CNC pick and place machine update

After an evening at BuildBrighton, exchanging ideas and motor control circuits, we've had a re-think about our CNC-based pick-and-place machine. In fact, we've had several re-thinks, returned to abandoned ideas, discarded previously agreed ideas and gone around in circles enough times to make everyone very, very dizzy!

At first, we concentrated on making a machine that would be simple to understand during it's construction.
We concentrated on theoretical accuracy - using a small angle stepper motor, relatively few teeth on the cog, sticking to numbers that were easily divisible and so on. The problem with this approach is that actually obtaining parts is quite difficult - 1.8deg steppers are quite expensive (£20/unit) wereas cheaper, salvageable motors (from printers, cd drives etc) are more difficult to drive, and have peculiar voltage requirements.

Our compromise is this -

Where possible, use parts that can be salvaged from easily obtained hardware.
An old, obsolete PC could be a major source of parts - the power supply gives us multiple 5V and 12V supplies, the CD and floppy drives provide 4-wire (2 phase) stepper motors, specifically designed to run on 5V/12V. The IDE cables are perfect for connecting homemade PCBs to other parts on the machine (old hard drive cables use 0.1" pitch, the same as breadboard prototyping and lots of through-hole components, pin-headers etc).

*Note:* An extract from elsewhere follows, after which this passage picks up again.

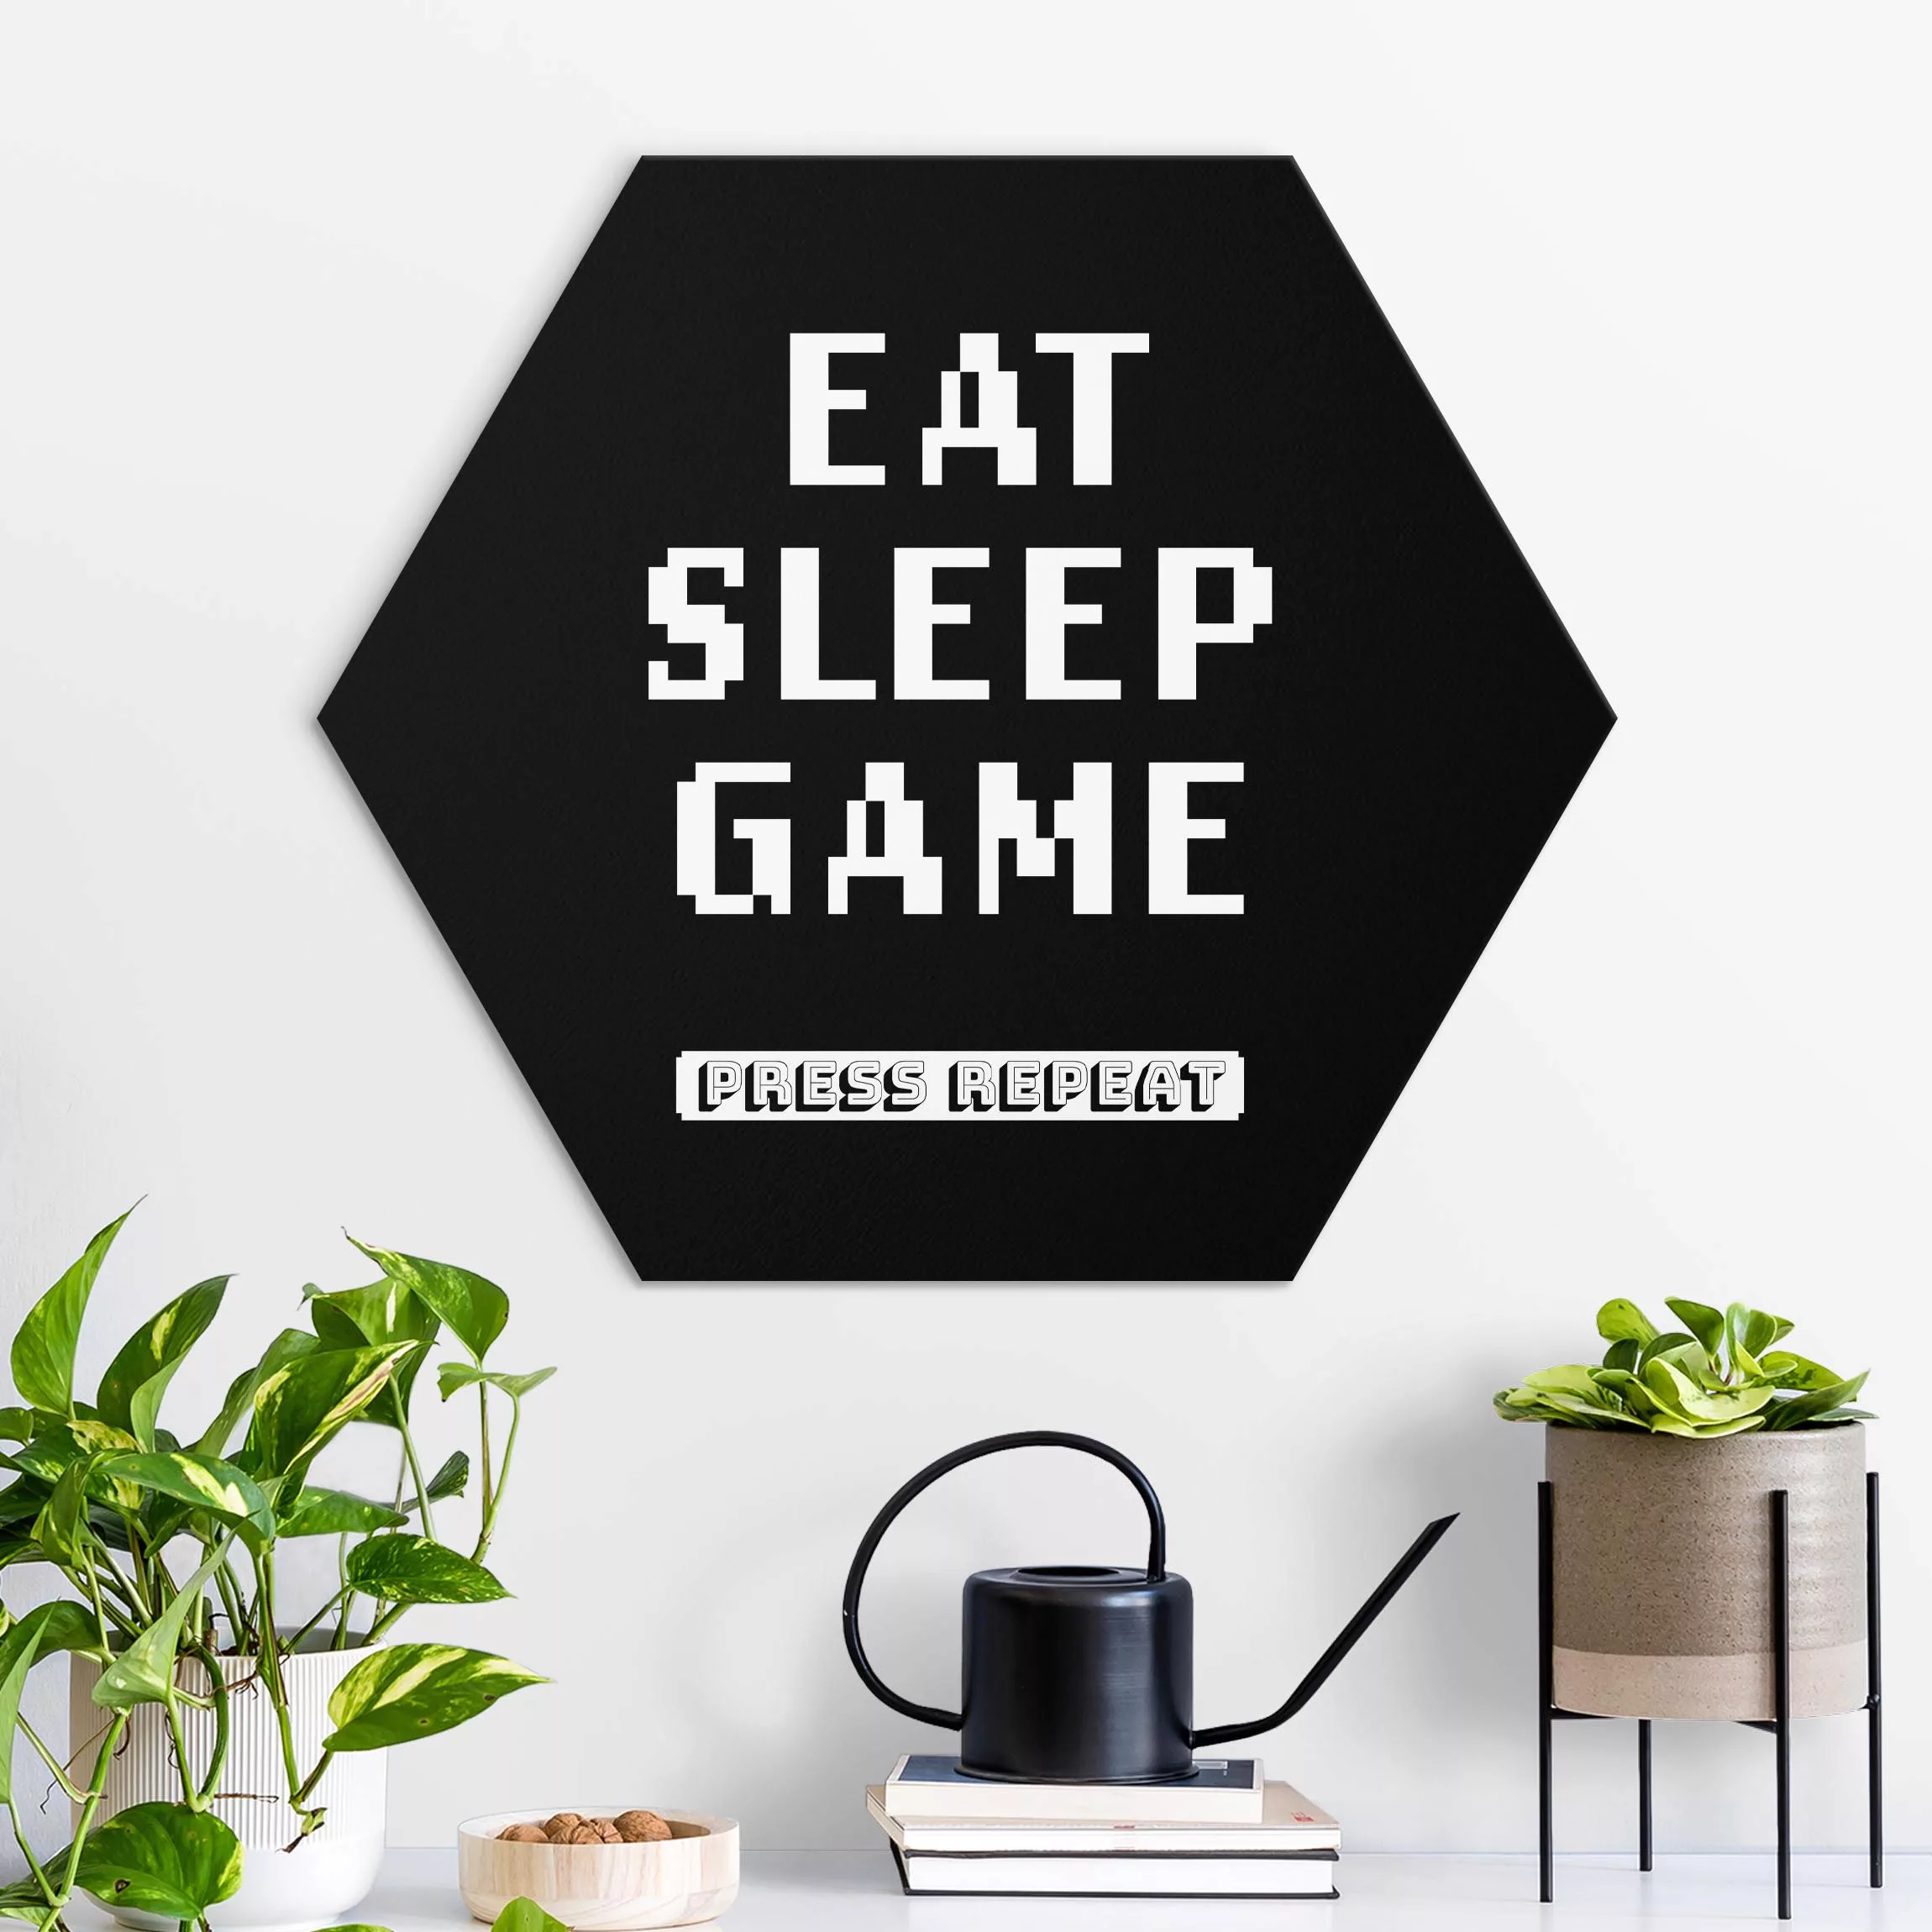 Hexagon-Alu-Dibond Bild Klassik Konsole Eat Sleep Game Press Repeat günstig online kaufen

Rather than concentrating on using motors and belts that make the maths for calculating steps per mm easier, we're going to build a machine that works with mostly salvaged parts. The final device will be a "puppet and playback" machine - the user will manually position the picking head either using buttons on the machine, or using a PC/software interface, then record the co-ordinates (in terms of steps rather than mm from a known origin) back to the PC/eeprom memory. Once one complete "animation" has been recorded, the script can be played back over and over again.

This way, the actual accuracy of the device becomes less important - it just has to be "accurate enough" to pick up a component and place it on the board. We're not going to be loading g-code type files into the device, or have to do tricky conversions from one format to another. The machine will simply use a record-the-steps-and-play-them-back approach for placing the components. So the actual distances travelled and units used won't matter; if you're using 1.8 deg steppers and half-stepping to give 400 steps/rev, with a 5mm belt, it doesn't matter how far between components the head moves: the machine will simply remember x number of steps on the x-axis and y number of steps along the y-axis. Someone using a machine with 7.5 deg steppers will simply have fewer steps in each axis to travel the same physical distance.

Talking of belts, we've decided to ditch them and go with a rack-and-pinion system.
This means we're removing another potentially costly part from the bill of materials - a 1.25mm belt can be had from a printer or a scanner, but it may be 1.2mm, or 1.25mm, or the imperial equivalent, a 0.05" pitch belt. All these belts need to have the right pulley or cog, with the teeth exactly spaced to match the belt.

By using a rack and pinion approach, everyone can use the same set of laser-cutting templates, and matching the right pulley/cog to your (possibly unknown) belt is no longer an issue.